Yunan adalarına vizesiz girişte yaşanan izdiham turizm acentelerimizin açıkgözlülüğünden kaynaklandı. Kotanın dolması üzerine gelenler sınırdan geri çevrildi. İlkeleri, hizmet verebilecekleri sayıda kişiyi kabul etmekti. Kurallar gerektiği gibi uygulanınca işler de düzgün yürüyor.

***

Bayram süresince Büyükada’da değildim. Bir süre öncesinde Kent Konseyi’nin bahçesinde Adalar Belediye Başkanı, Kaymakam ve İETT Müdürü ada halkıyla bir toplantı düzenledi. En çok üzerinde tartışılan konu, ulaşım sorunuydu. Hiçbir mantığa sığmayan, iki adet ‘azmanbüs’ün Ada’ya gelmesi büyük tepkilere neden oldu. Sonuçta başta İETT sorumlusu olmak üzere ‘azmanbüs’lerin devreye girmeyeceği sözü verildi.

Ne oldu? Bayramda ‘azman’lar ortaya çıktı. Sorumlular yerlerini sorunlulara bırakıp yok oldu. Gelişmeleri Ada’da olan dostlardan ve basından takip ettim. Bir ‘azman’la bir Adataksi’nin yan yana gidemediği yollara günü birlik gelen kalabalık eklenince ortalık bayram değil kurban yerine dönüştü.

***

“Çok rahatsız oluyorsan Ada’dan başka bir seçenek ara” cümlesi daha da rahatsız edici. Beş nesilden beri Adalıyım. Bağdaki niye yerinden olsun? İstanbul da kalabalıklaştı, yaşanması güç bir hale geldi. Bunun için şehri terk edip gidiyor muyuz?

Ada kültürü, yaşantısı birdenbire değişmedi. Hazmedemediğimiz değişim adım adım geldi. Azınlıkların gitmesi/gönderilmesi yokuş aşağı inen basamakların ilkiydi. Görgü, saygı, kültürün el değiştirmesi Adaların en büyük kaybı oldu.

Dedelerimizin at arabasının önünde çekilmiş sepya fotoğrafları aile albümlerinde, kimileri de sahaflarda meraklısını bekliyor. En azından içlerinde torunlarımıza anlatacak onlarca hikâye var.

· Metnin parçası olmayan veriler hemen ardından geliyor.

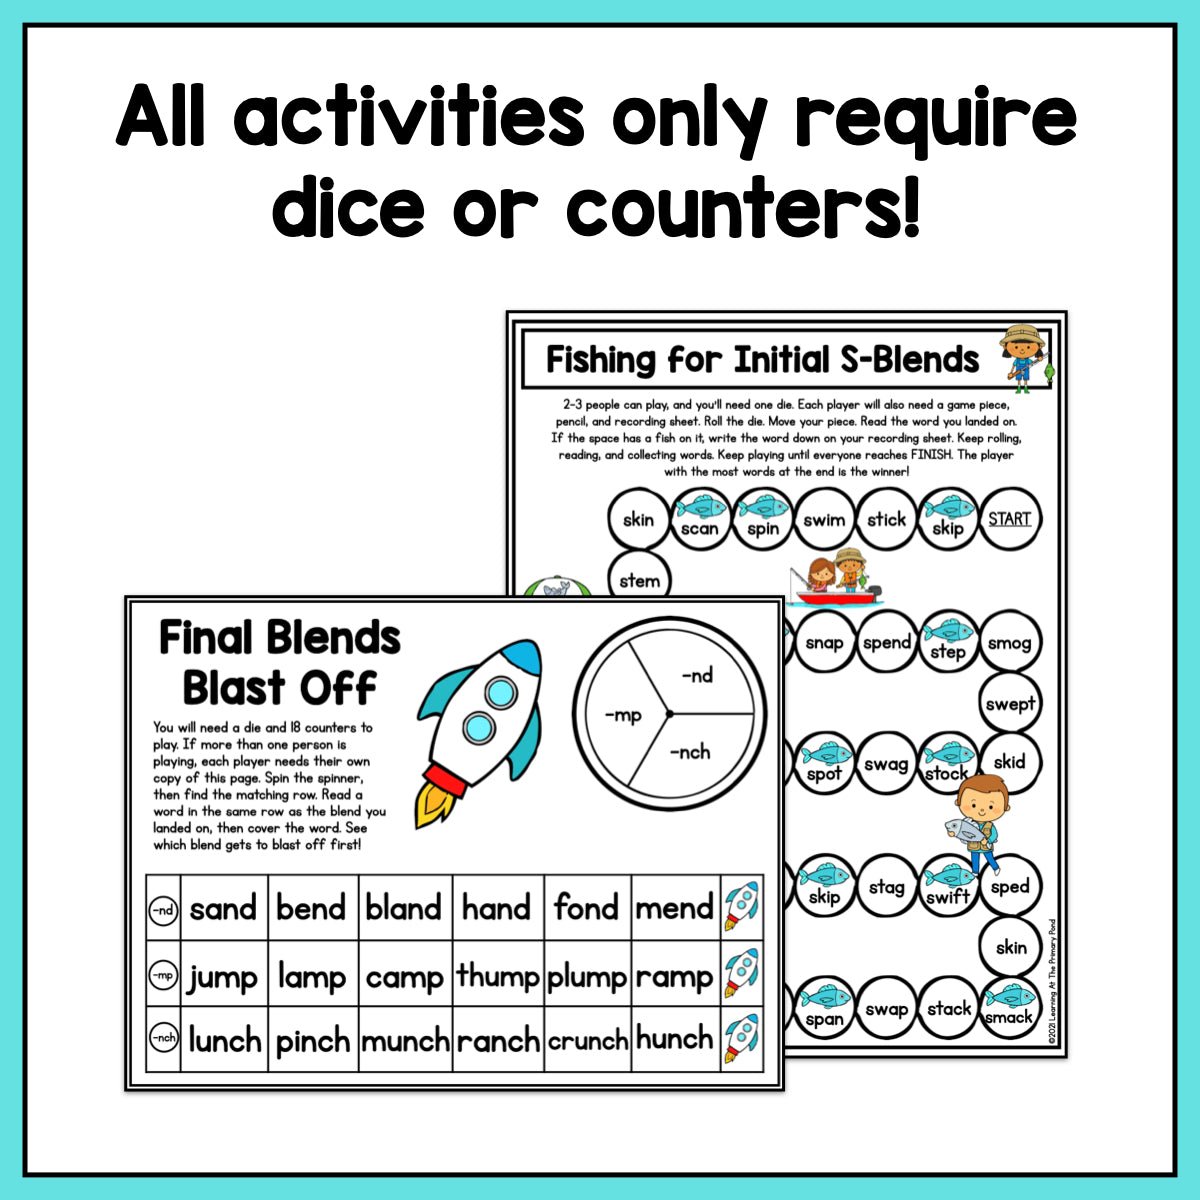 Consonant Blends Games: First Grade No-Prep Phonics - learning-at-the-primary-pond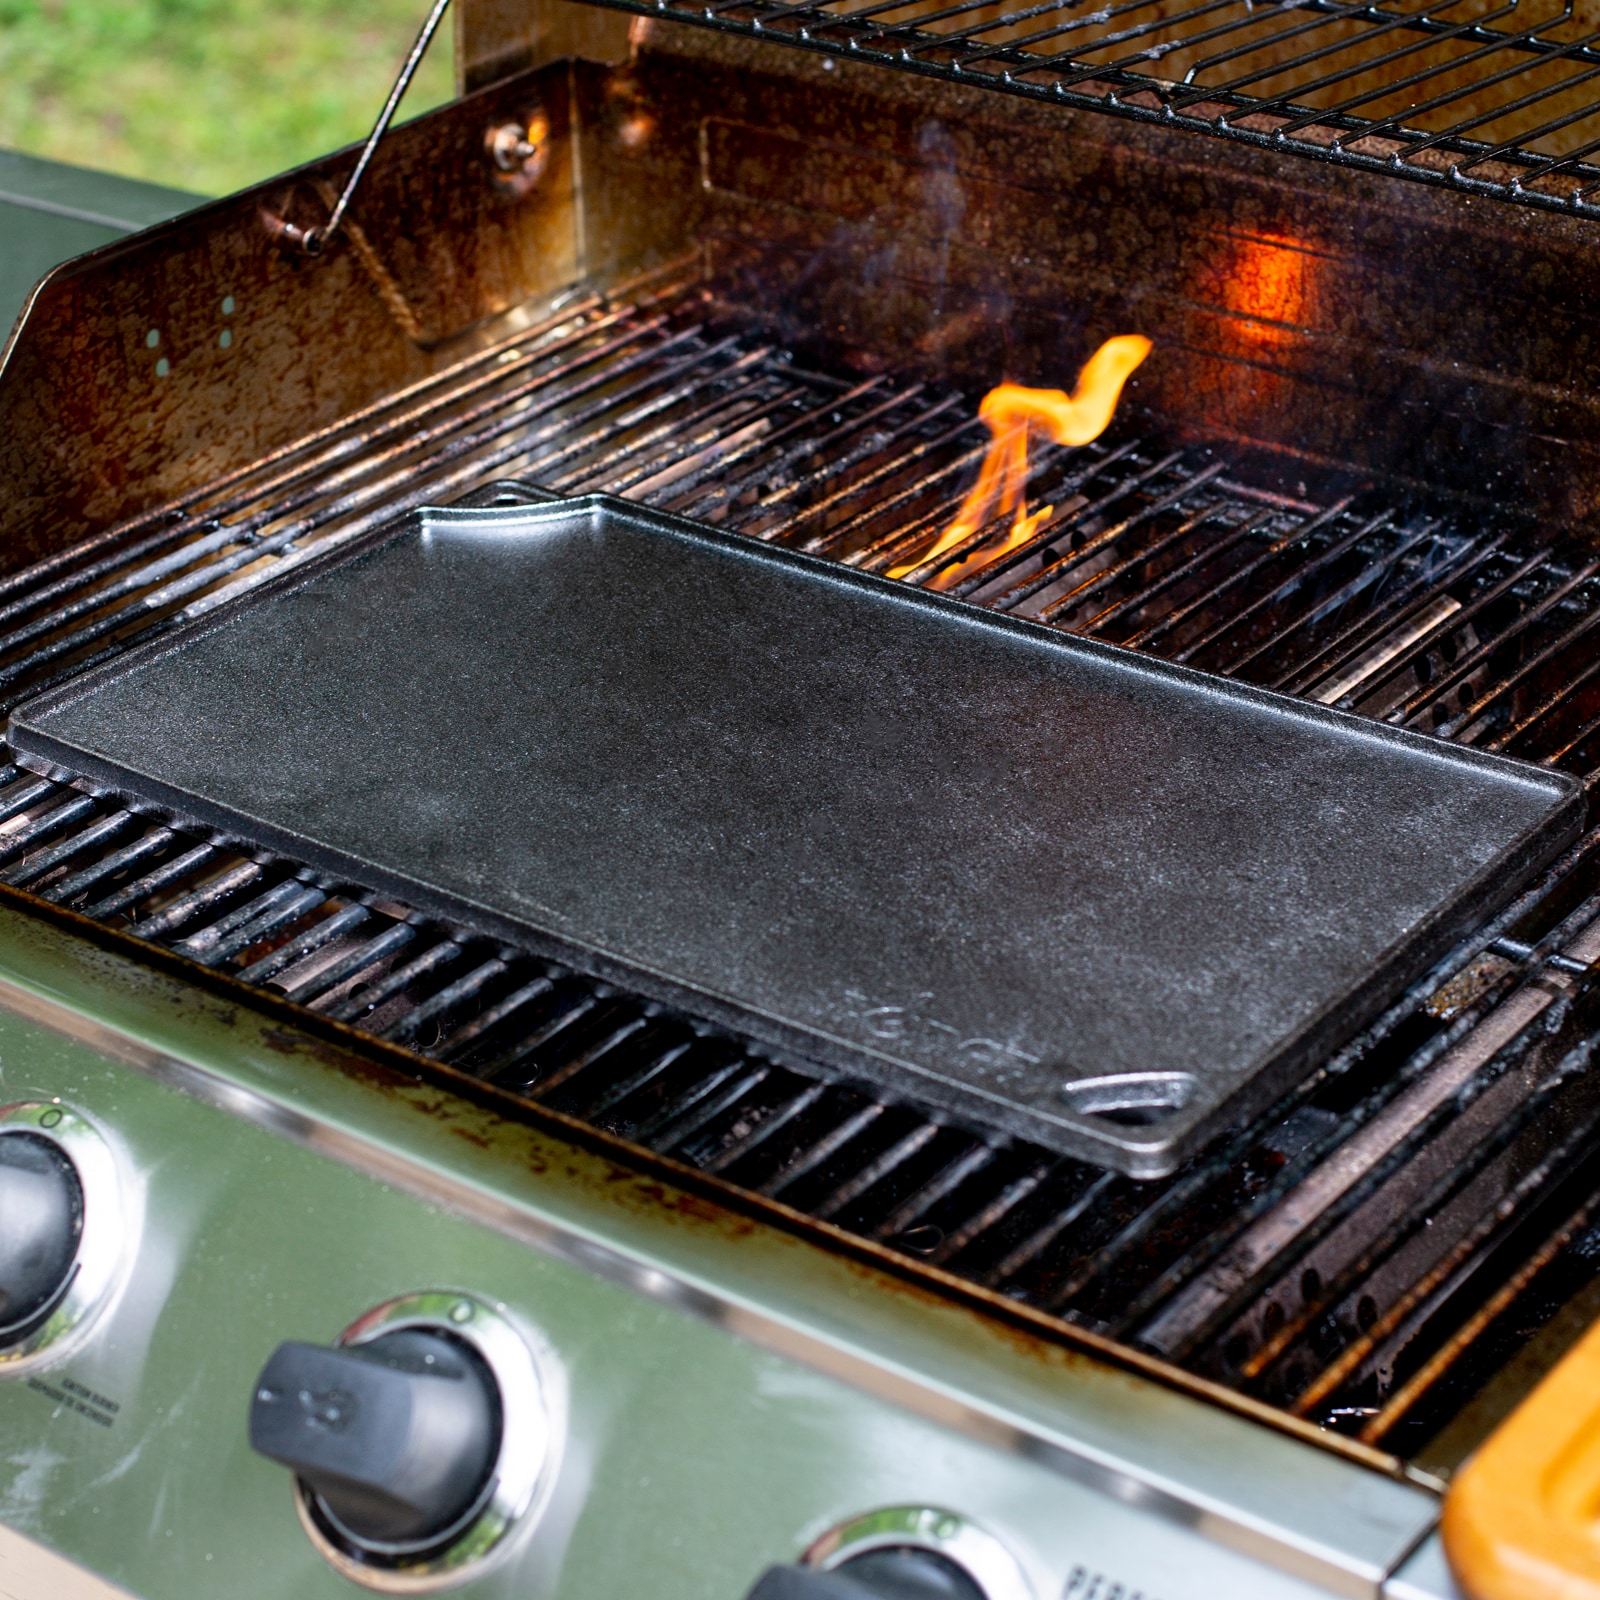 Lodge Logic Reversible Cast Iron Grill/Griddle, 1 - Harris Teeter

Gönlümden geçen, gelecek neslin çocuklarına gönül rahatlığıyla bisiklete binecekleri bir Ada bırakmak.

***

Bir süredir söylentiler vardı; inanmak istememiştim. Teşvikiye’de kültürel bir tarih yok oluyor. Sahibi Necdet Güler herkesin, ‘Alaattin’in Yeri’ olarak bildiği yeri temmuz ortasında kapatıyor. Gazete, mecmua, sigara, oyuncak ve akla gelmeyecek her çeşidin satıldığı dükkan bambaşka bir dünyaydı. Çocukluğumda, Cumhuriyet Bayramı’nda maytap ve çatapat aldığımı dün gibi hatırlarım.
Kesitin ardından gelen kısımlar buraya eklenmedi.